• [Exercise details] Your task is to print all of the data below exactly, with no pictures included.

(Beginning of The data)

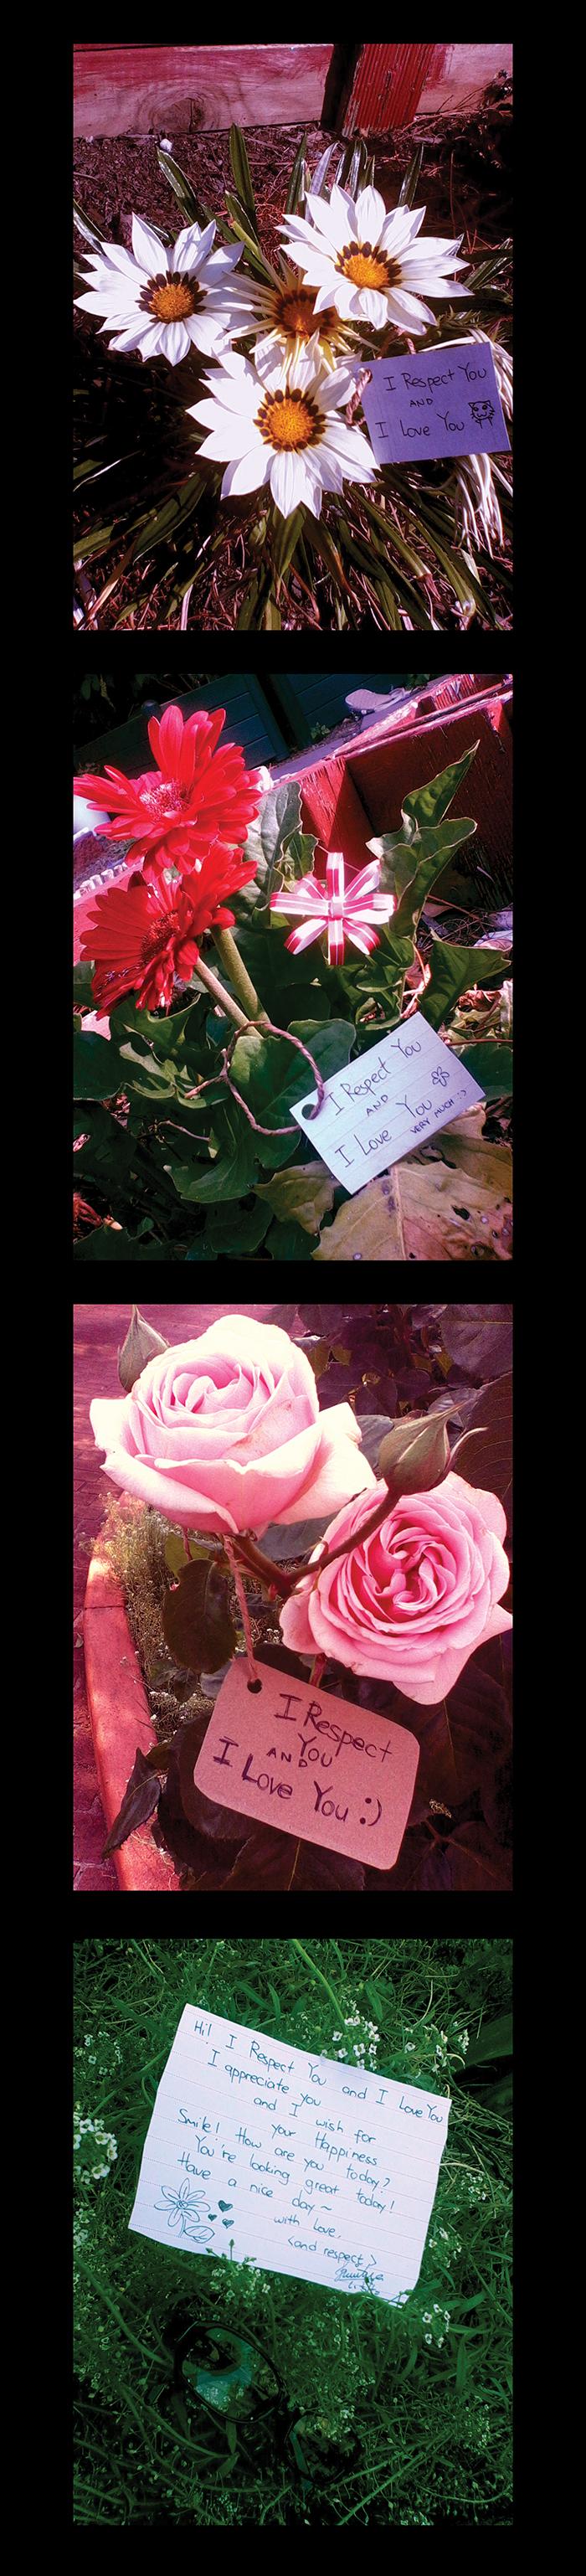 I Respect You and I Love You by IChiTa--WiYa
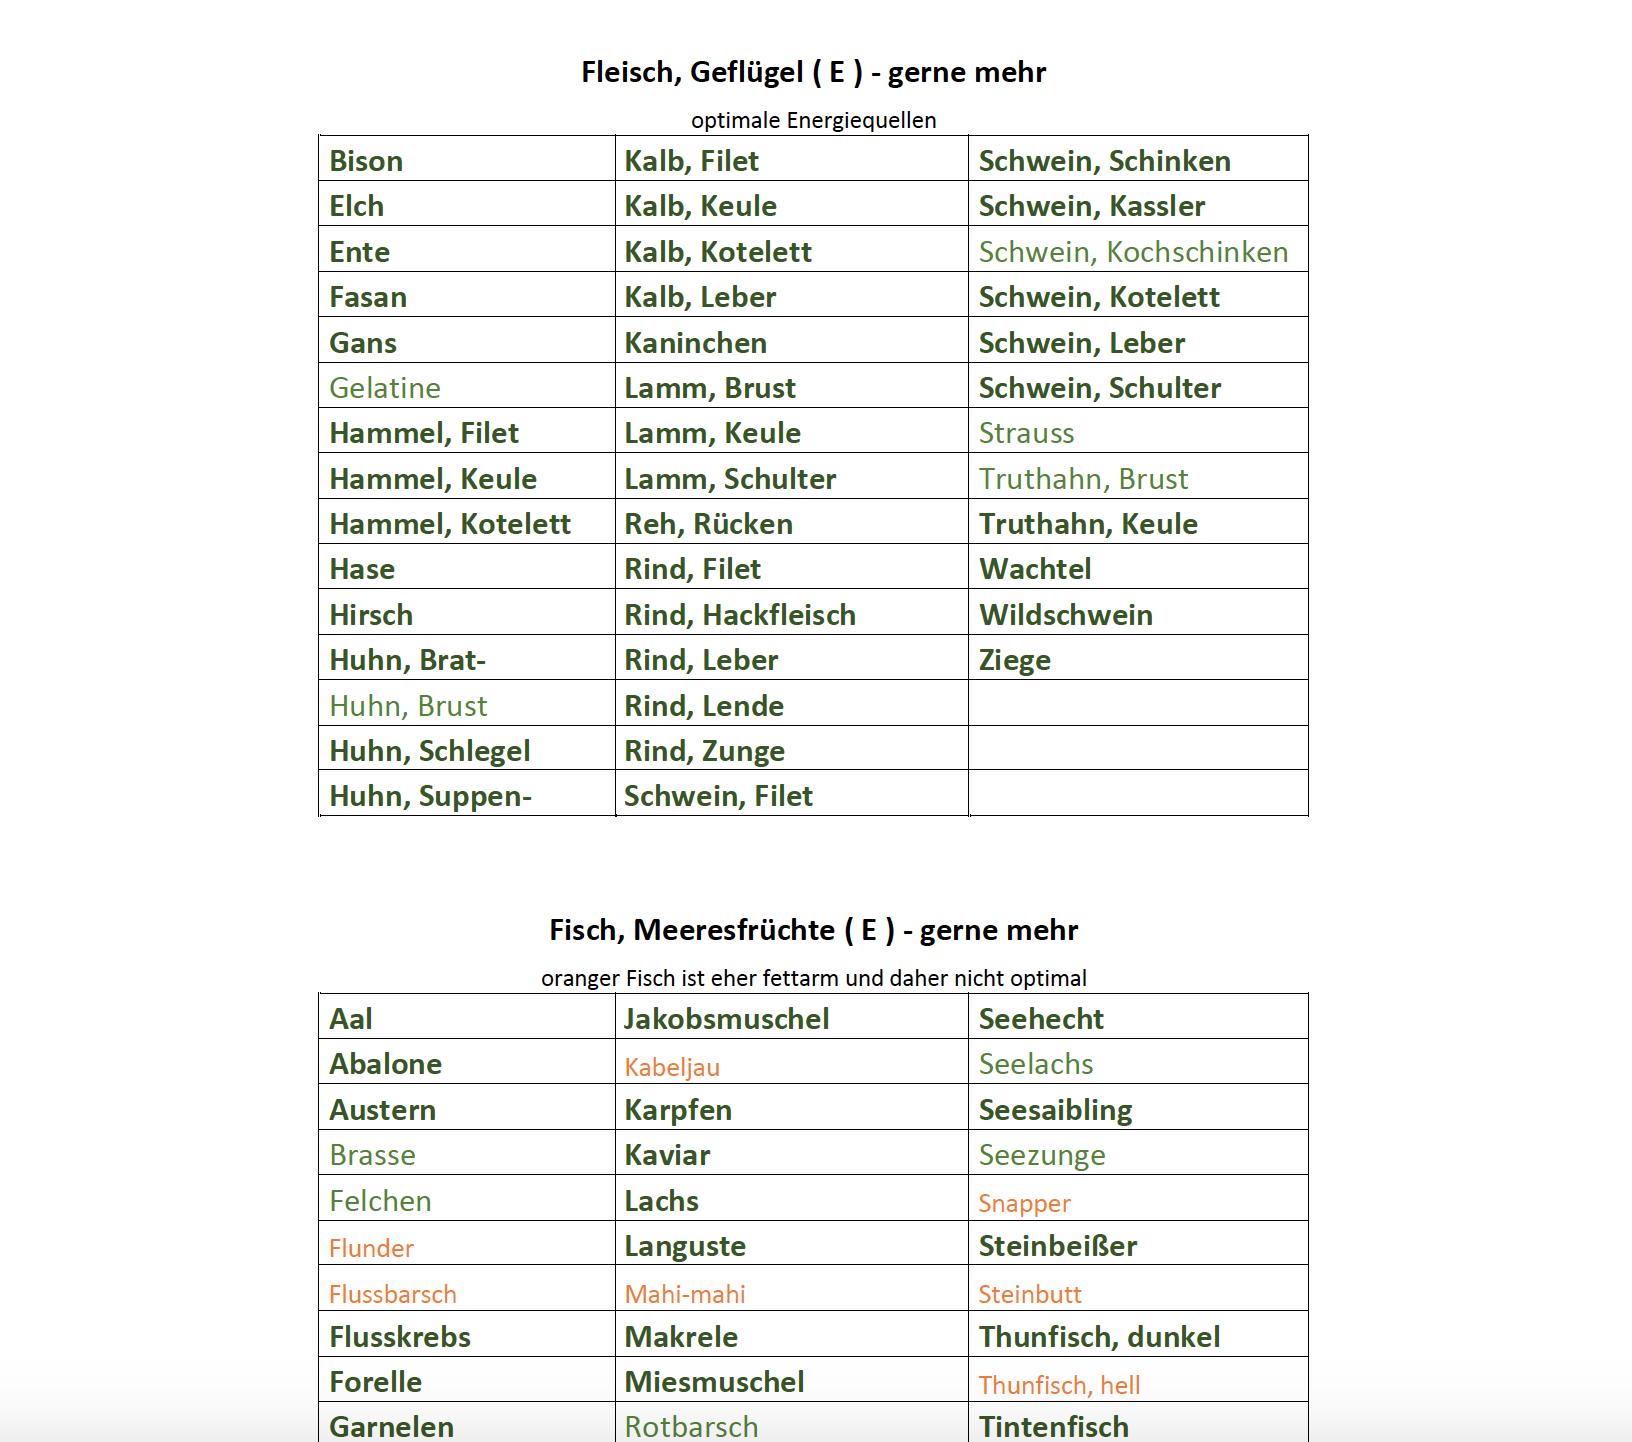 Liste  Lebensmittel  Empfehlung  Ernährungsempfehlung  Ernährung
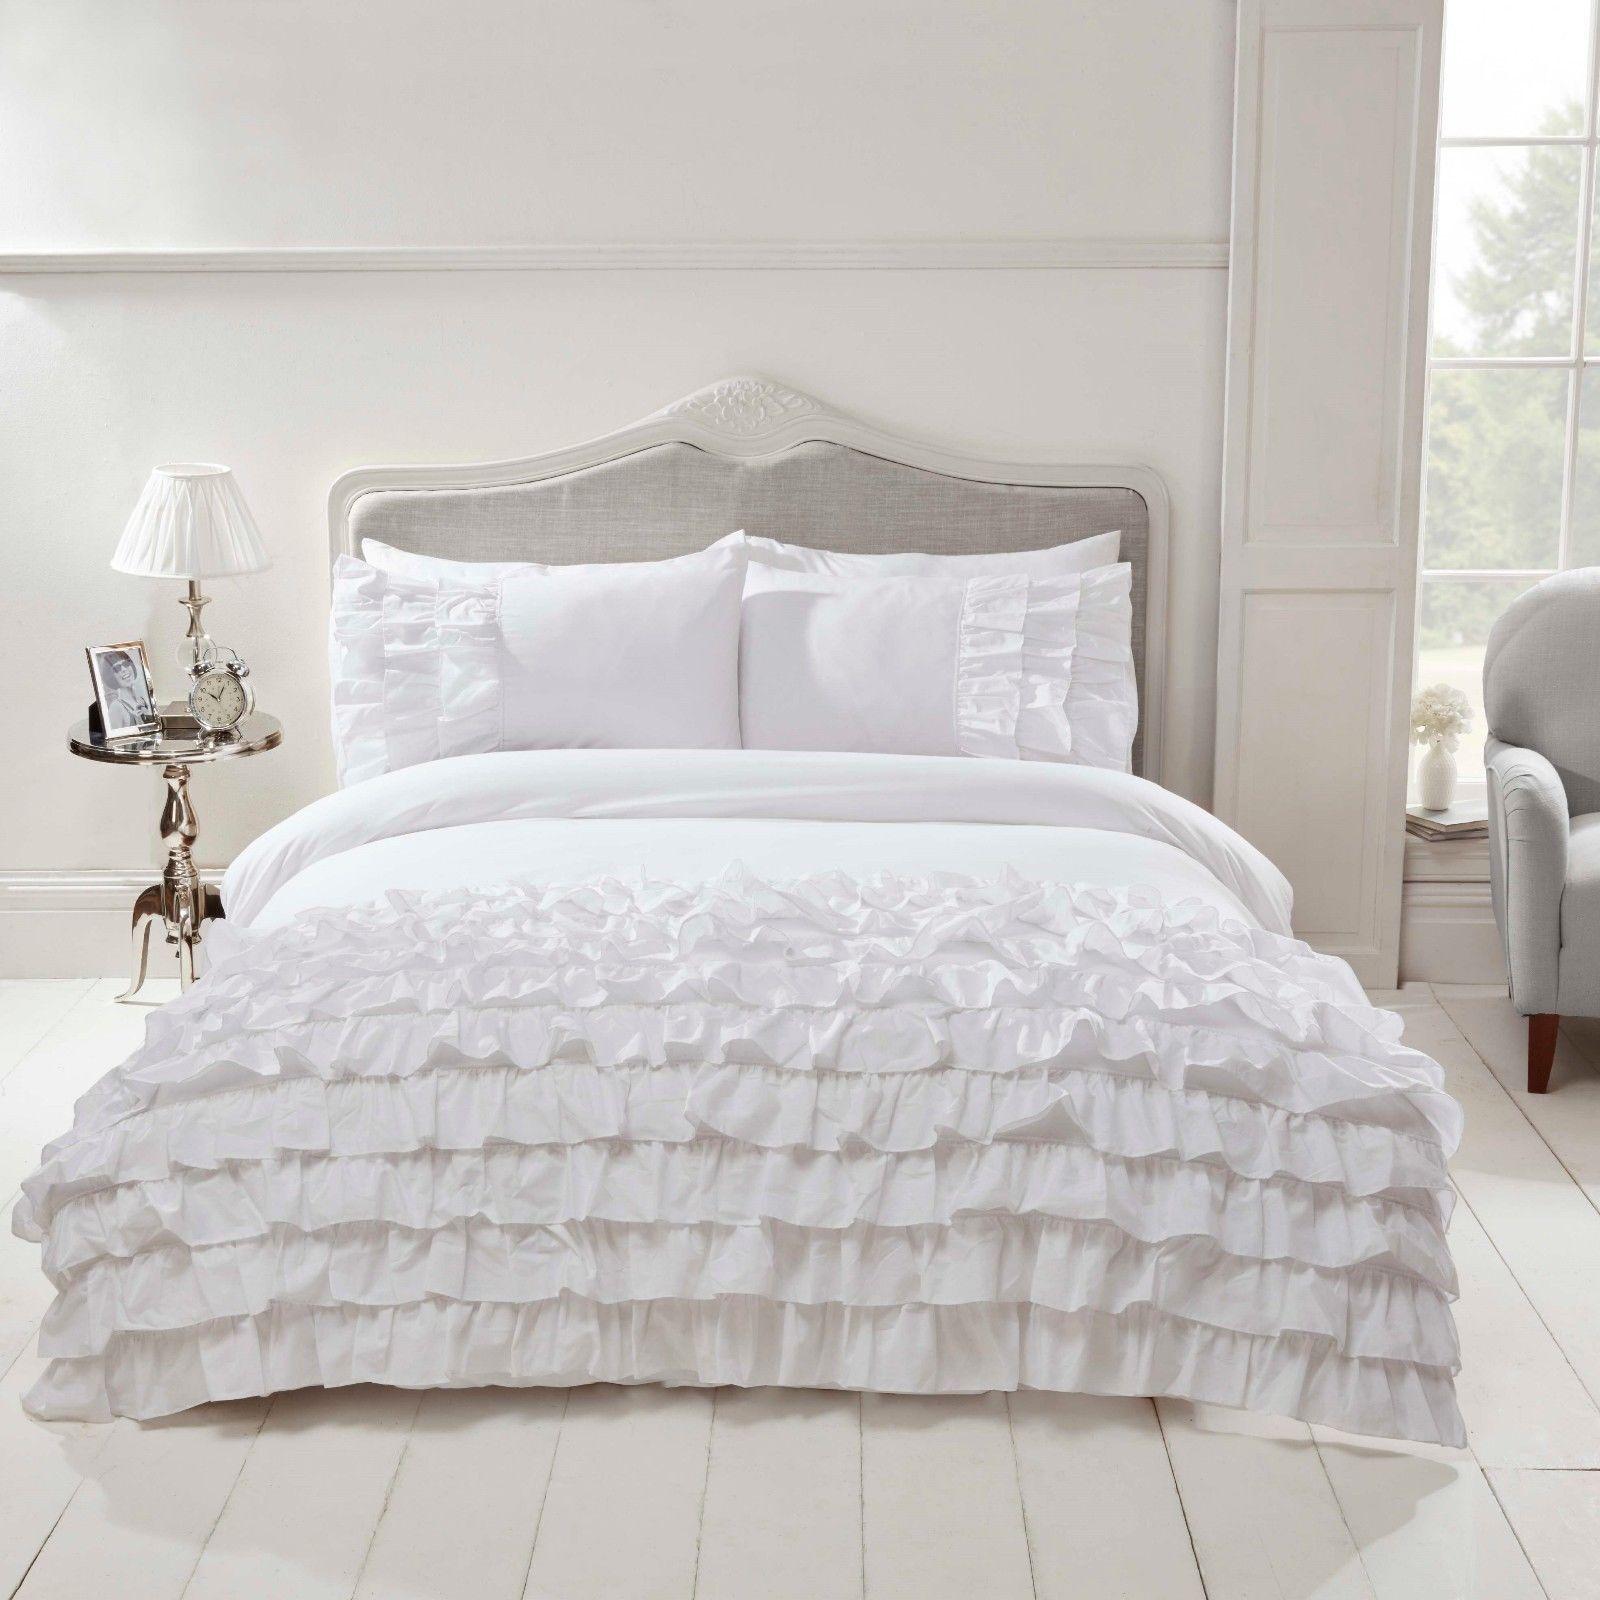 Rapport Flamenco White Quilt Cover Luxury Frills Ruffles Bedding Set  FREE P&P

(End of The data)

• [Exercise response]
 I Respect You and I Love You by IChiTa--WiYa
 Liste  Lebensmittel  Empfehlung  Ernährungsempfehlung  Ernährung
 Rapport Flamenco White Quilt Cover Luxury Frills Ruffles Bedding Set  FREE P&P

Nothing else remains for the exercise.